I’m not defending poor judgment or playing it safe. You’ll face clients who are inconsistent, timid, egomaniacal, and downright silly.

But the problem with believing the lie (other than it being false) is that it usually prohibits you from communicating with them. Why aruge with an idiot, right?

Dave Lubars has said that his talent is less in creative development (although he certainly has that in spades), and more in being able to listen to people and understand exactly what they need.

I’m sure Dave Lubars could tell more stories than me about clients giving schizophrenic feedback, or being gun-shy on a campaign that could make the company millions. But instead he listens. He knows there’s a reason for their actions. If he can understand their motives, their desires, their modus operandi, he can figure out what to do next.

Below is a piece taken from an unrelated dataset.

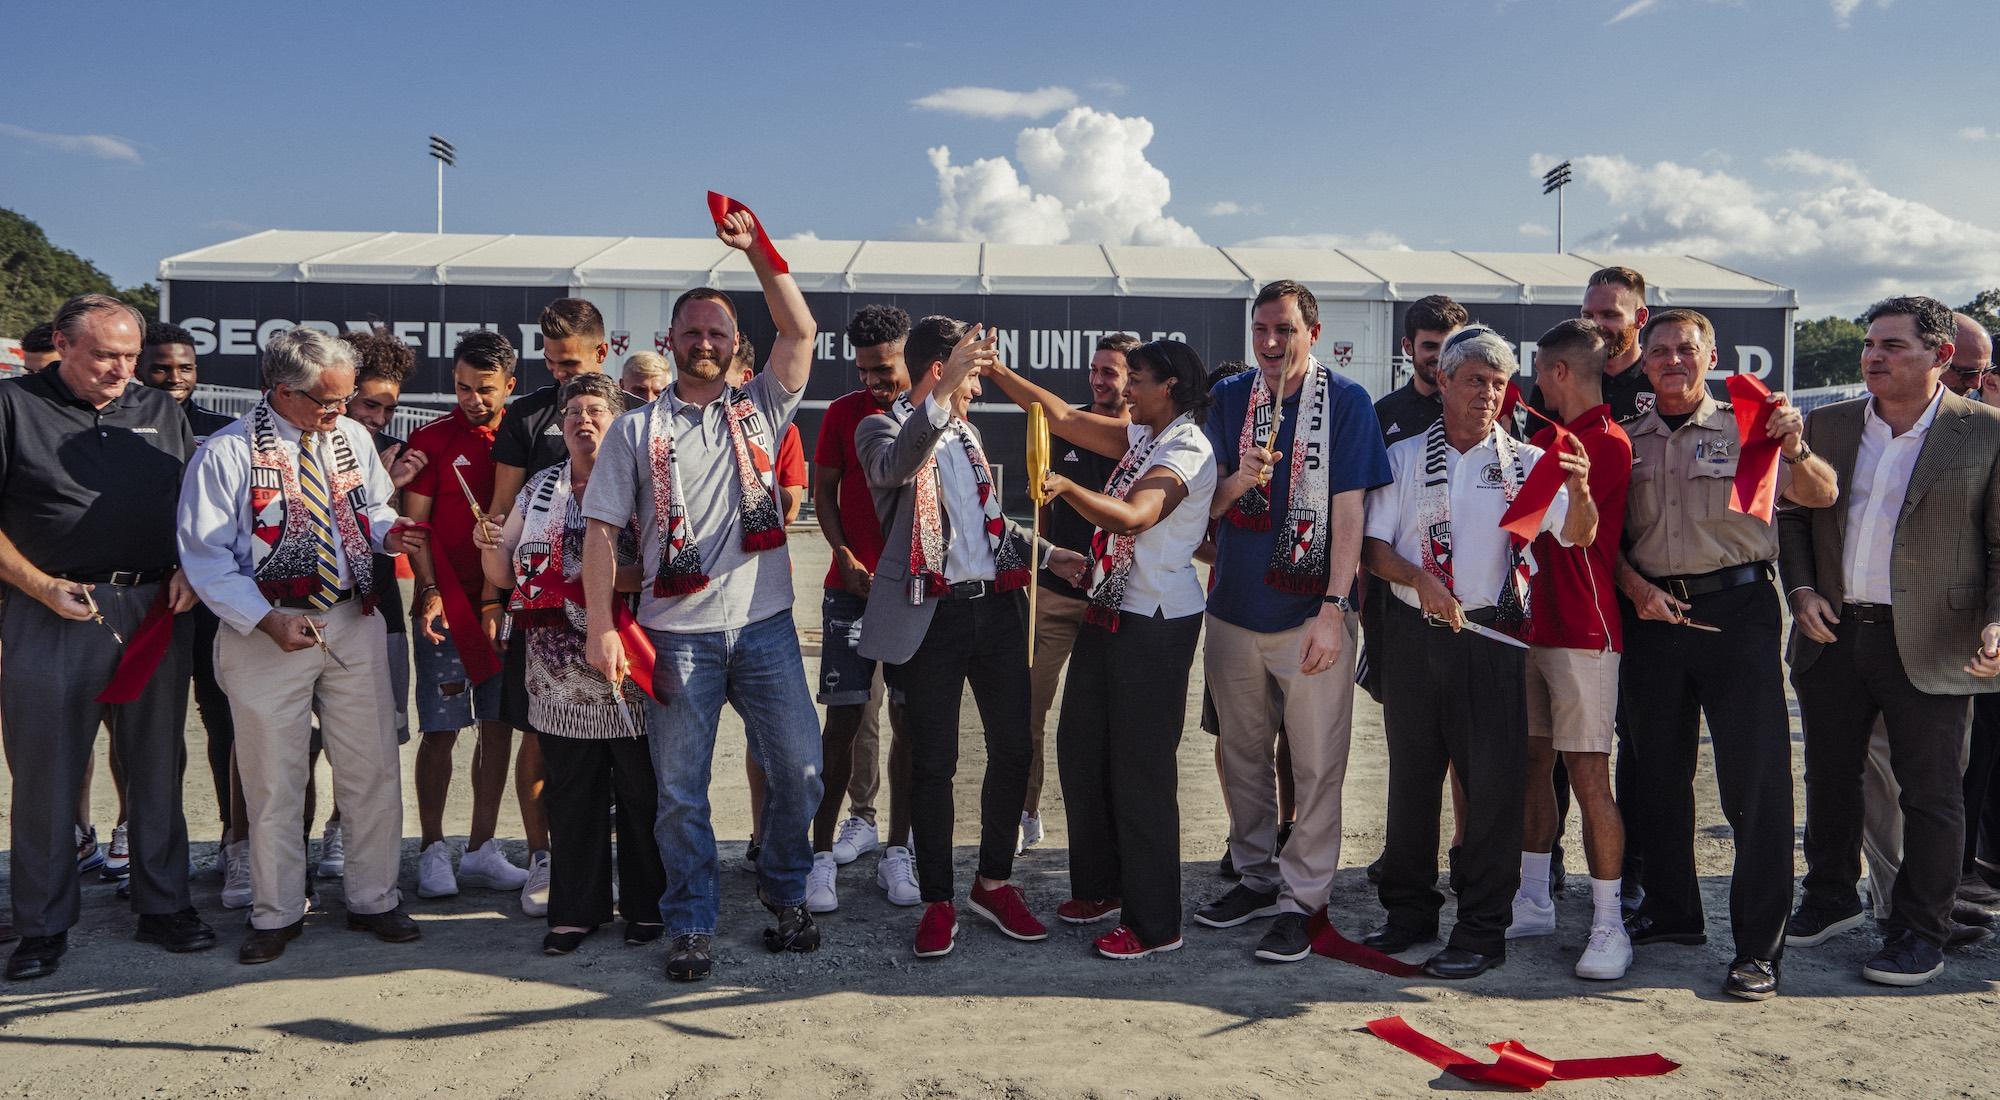 Loudoun United hold ribbon cutting ceremony at Segra Field
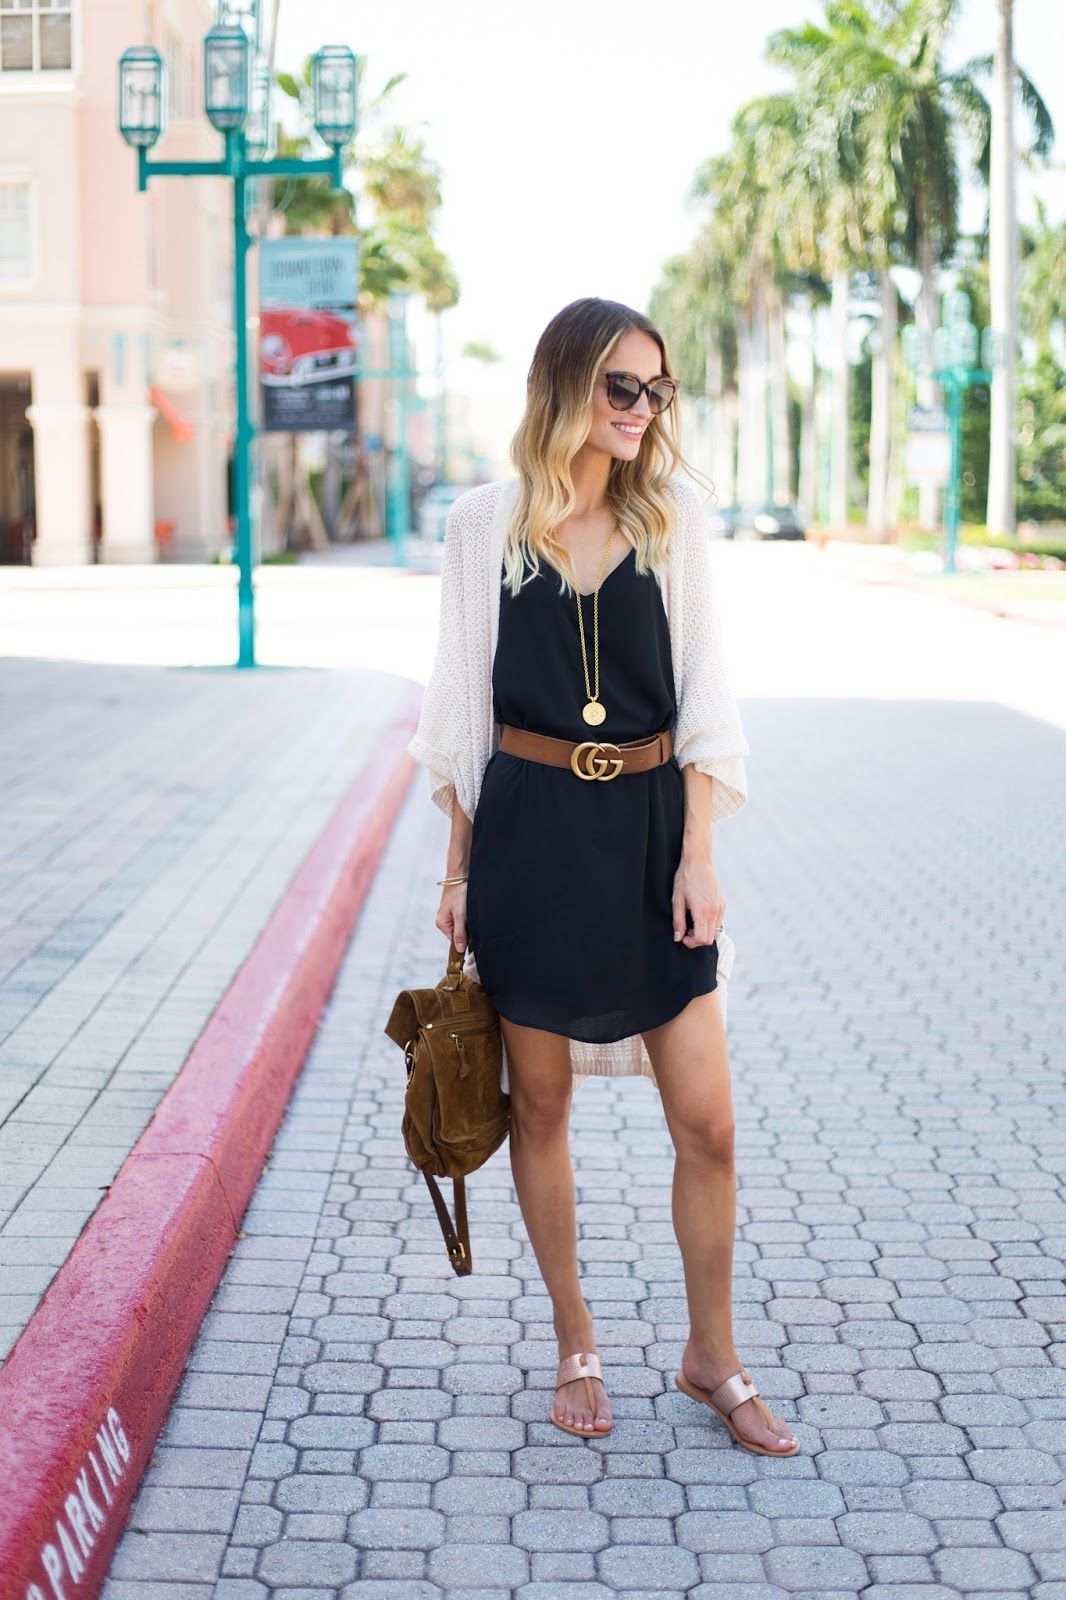 Slip Dress Gucci Belt Oversized Knit Cardigan Effortless Summer Style Summer Slip Dress Summer Fashion Outfits Summer Dress Outfits [ 1600 x 1066 Pixel ]

Whatever his next steps are, I guarantee it’s not mope, complain, or talk about how stupid the client is.

Dropped Balls

Something Kevin Lynch of Zig once told me:

“If I throw 5 balls at you at the same time, you probably miss all of them. But when I throw only one ball at you, you catch it.”


Sometimes the balls are headline, body copy, tag line, visual, logo. Sometimes they’re all the product features your client wants you to mention. And sometimes they’re all the things you want to say in a meeting to get your point across.

The sooner you can figure out which ball you need to throw, the better communicator you’re going to be.